Angola: Adapting A New Exploration Strategy
*This article will be published in the upcoming AES: Angola COVID-19 Impact Report
To accommodate current constraints by COVID-19, the National Agency of Oil, Gas and Biofuels (ANPG) has adjusted its timeline for the 2020 oil and gas licensing round, as well as proposed a revised hydrocarbon strategy targeting local participation and frontier exploration.
The 2020 oil and gas licensing round is set to put three blocks in the Lower Congo basin and six blocks in the Kwanza basin on offer. While the announcement of the launch of the public tender was initially intended for the end of May 2020, the round is now planned for the fourth quarter of this year, with the award of licenses tentatively set for March 2021.

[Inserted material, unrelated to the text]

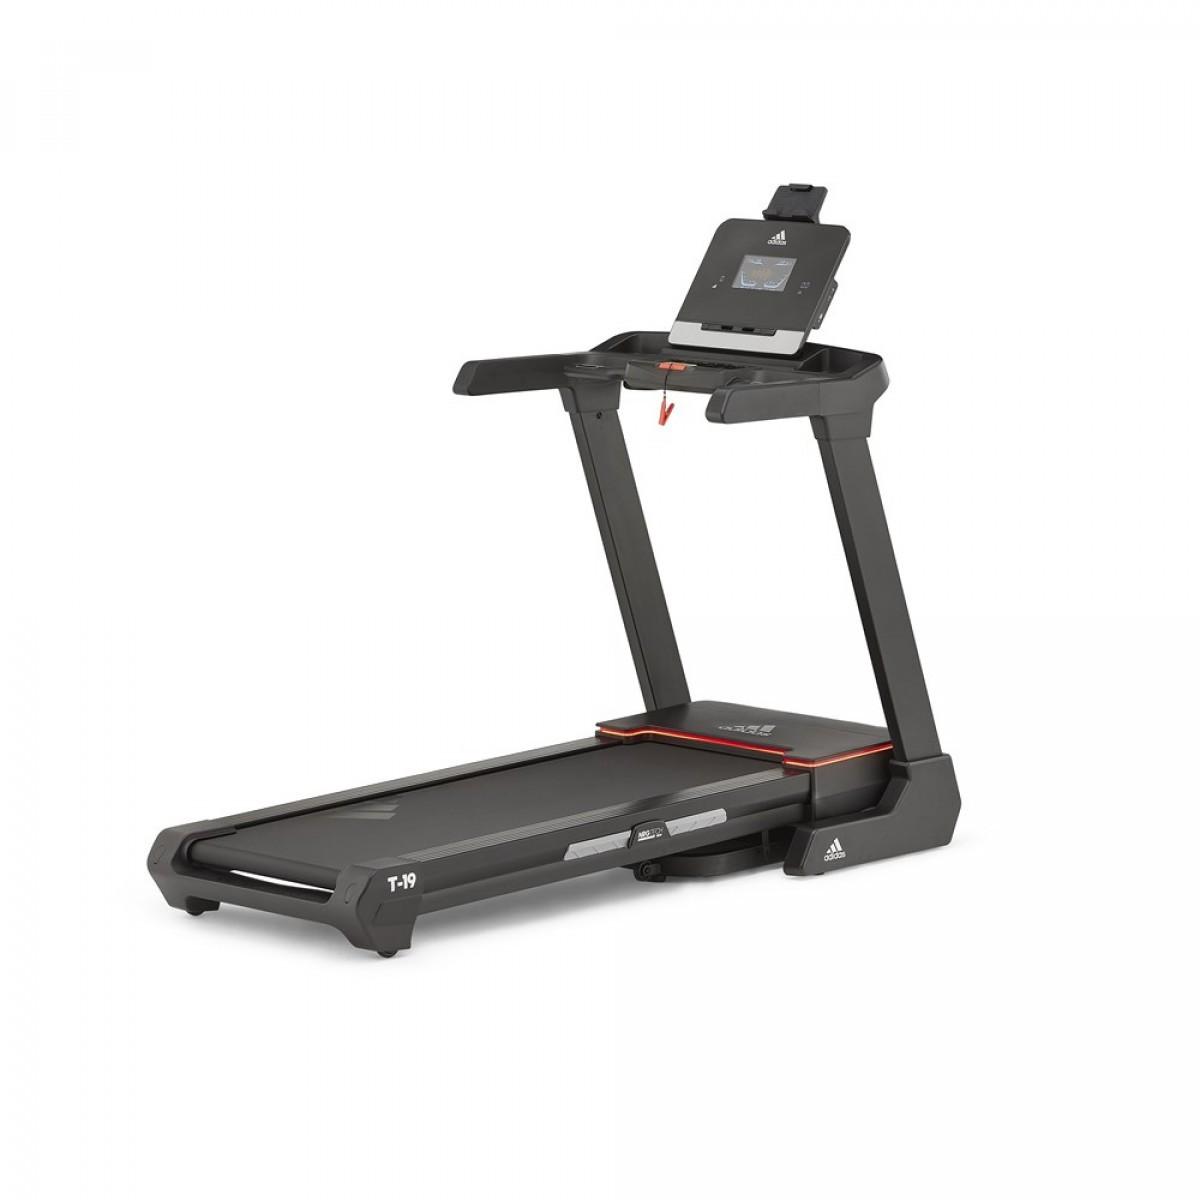 Adidas Löpband Treadmill T19

Data packages are currently available for the nine blocks, and the ANPG has been vocal about incentivizing local companies to participate. In July 2020, the Government reduced the petroleum income tax for national oil companies from 50% to 30% for production sharing contracts in the onshore basins of the Lower Congo and Kwanza. In addition, local companies will not be mandated to pay signature bonuses, nor finance corporate social responsibility projects.
Earlier in July this month, the ANPG also proposed a revised, comprehensive strategy for hydrocarbon exploration, which will be approved by the government following review by the Council of Ministers. The proposed strategy seeks to optimize Angola’s hydrocarbon exploration between 2020- 2025 through the analysis of the country’s full hydrocarbon potential, specifically within its onshore interior basins and offshore maritime platforms.
In attendance of the presentation of the strategy was Minister of Mineral Resources, Oil and Gas, H.E. Diamantino Azevedo, Secretary of State for Petroleum, H.E. José Barroso and President of the Board of Directors of the ANPG H.E. Paulino Jerónimo.
This reviewed approach comes on the heels of Angola’s 2019-2025 licensing strategy released last year, which sought to incentivize upstream investment through the allocation of 55 blocks across six years, with an emphasis on marginal field development.